** Directions **
Only the lines from the line that contains "Green Bay Packers kicker" through the final line of the entries below belong in your answer, copied exactly and without pictures.

══ Material for the task

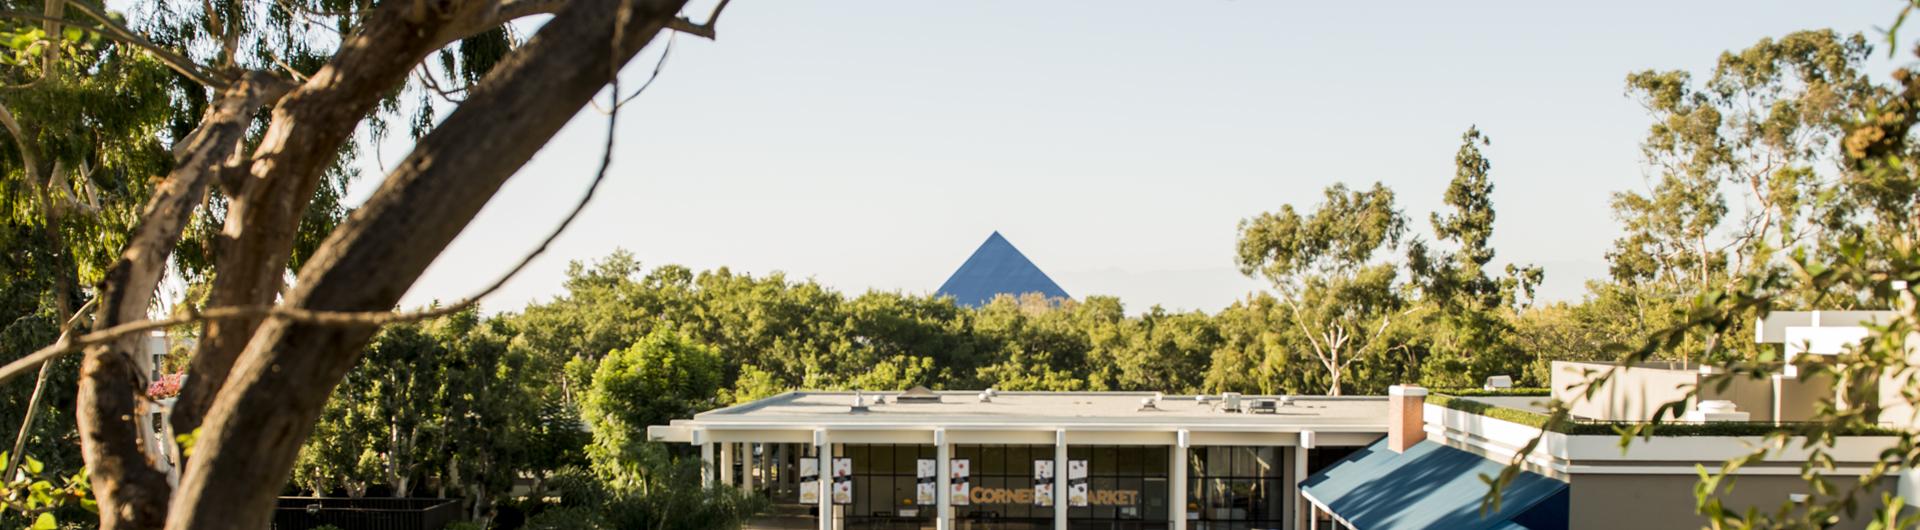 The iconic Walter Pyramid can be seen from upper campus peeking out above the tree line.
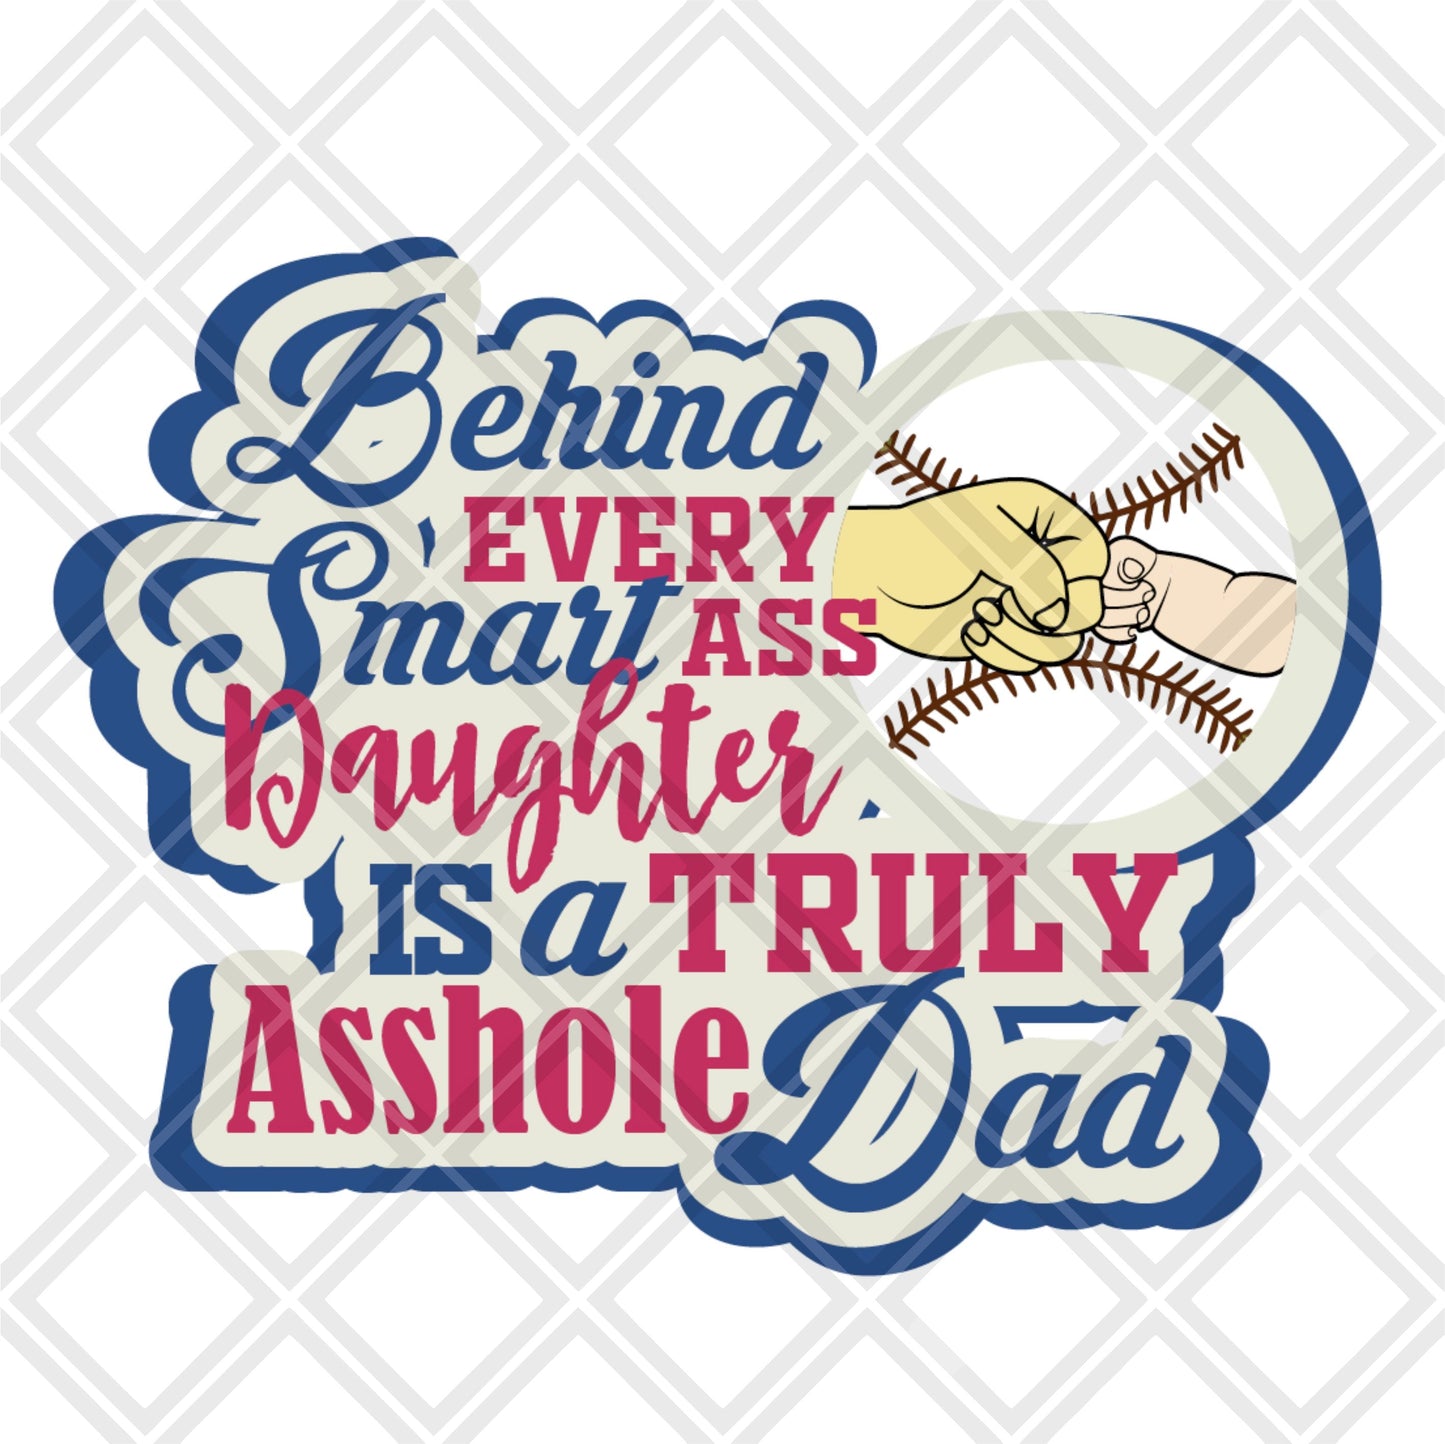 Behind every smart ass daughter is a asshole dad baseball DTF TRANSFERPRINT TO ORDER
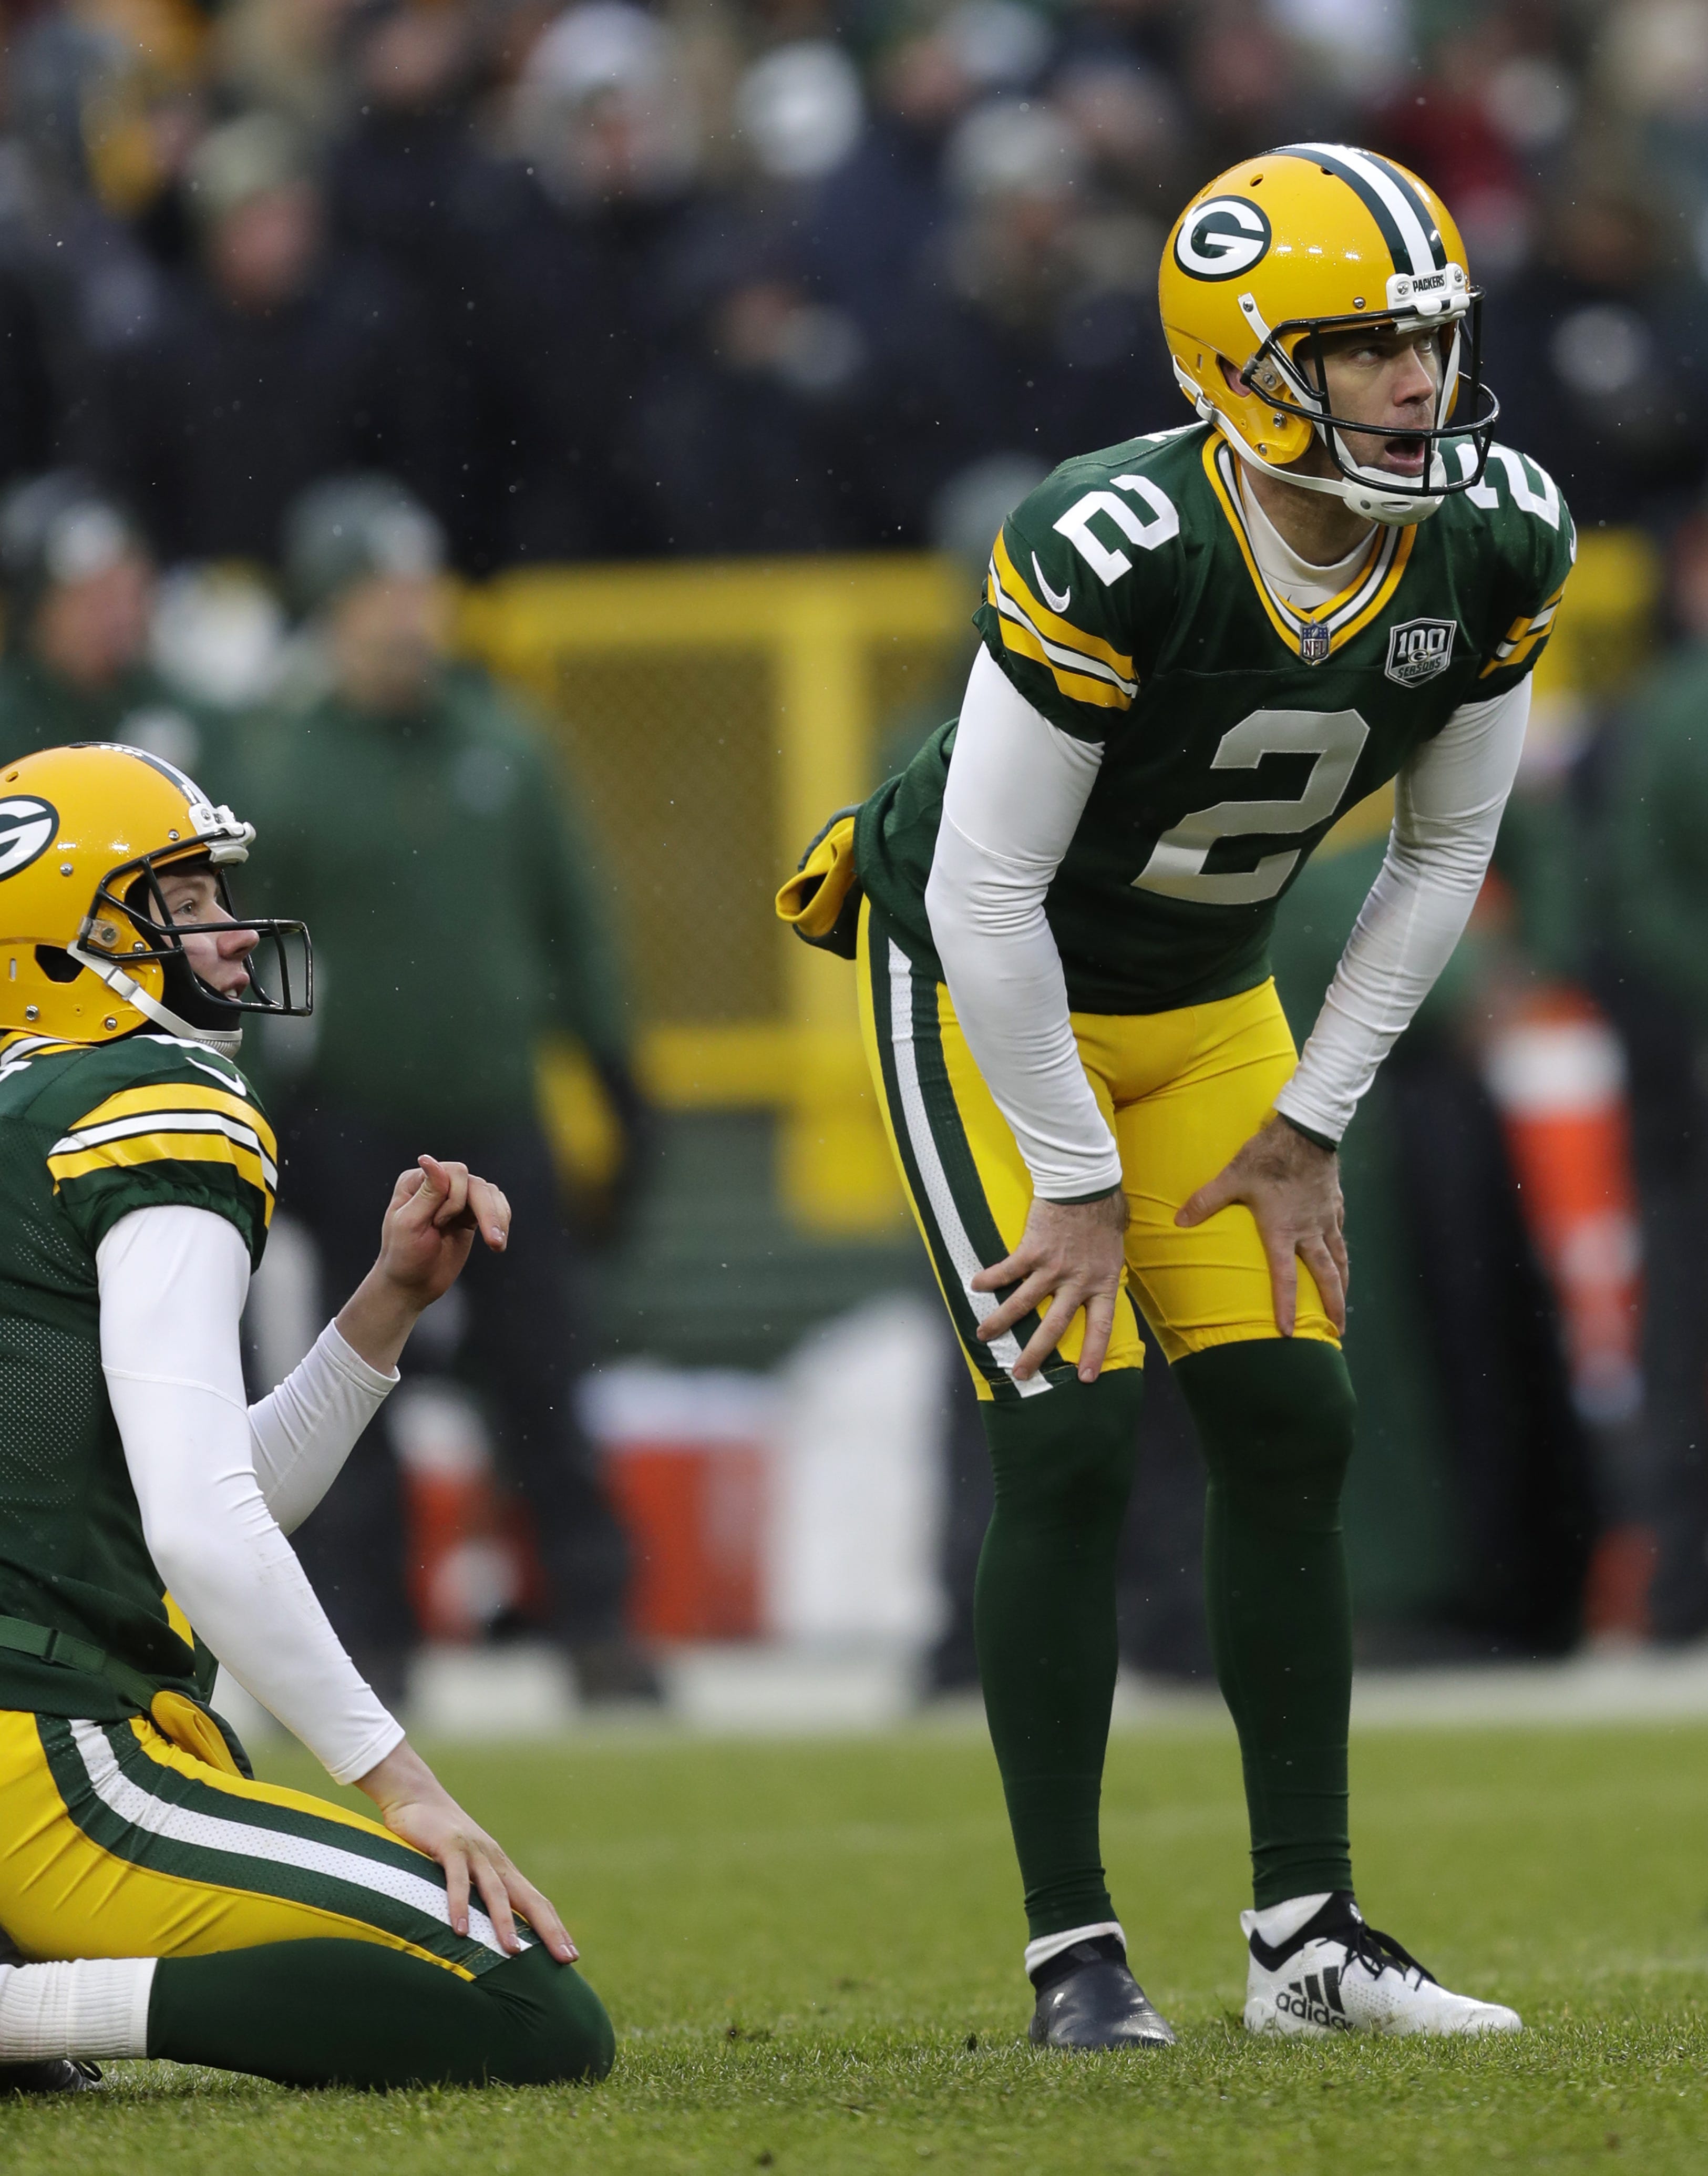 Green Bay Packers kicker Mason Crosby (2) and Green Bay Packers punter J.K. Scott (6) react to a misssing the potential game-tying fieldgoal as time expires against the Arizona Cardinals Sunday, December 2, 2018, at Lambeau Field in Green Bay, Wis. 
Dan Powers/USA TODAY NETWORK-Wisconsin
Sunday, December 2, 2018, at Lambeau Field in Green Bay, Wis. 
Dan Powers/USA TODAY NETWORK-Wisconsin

════

** Output for this task **
 Green Bay Packers kicker Mason Crosby (2) and Green Bay Packers punter J.K. Scott (6) react to a misssing the potential game-tying fieldgoal as time expires against the Arizona Cardinals Sunday, December 2, 2018, at Lambeau Field in Green Bay, Wis. 
Dan Powers/USA TODAY NETWORK-Wisconsin
Sunday, December 2, 2018, at Lambeau Field in Green Bay, Wis. 
Dan Powers/USA TODAY NETWORK-Wisconsin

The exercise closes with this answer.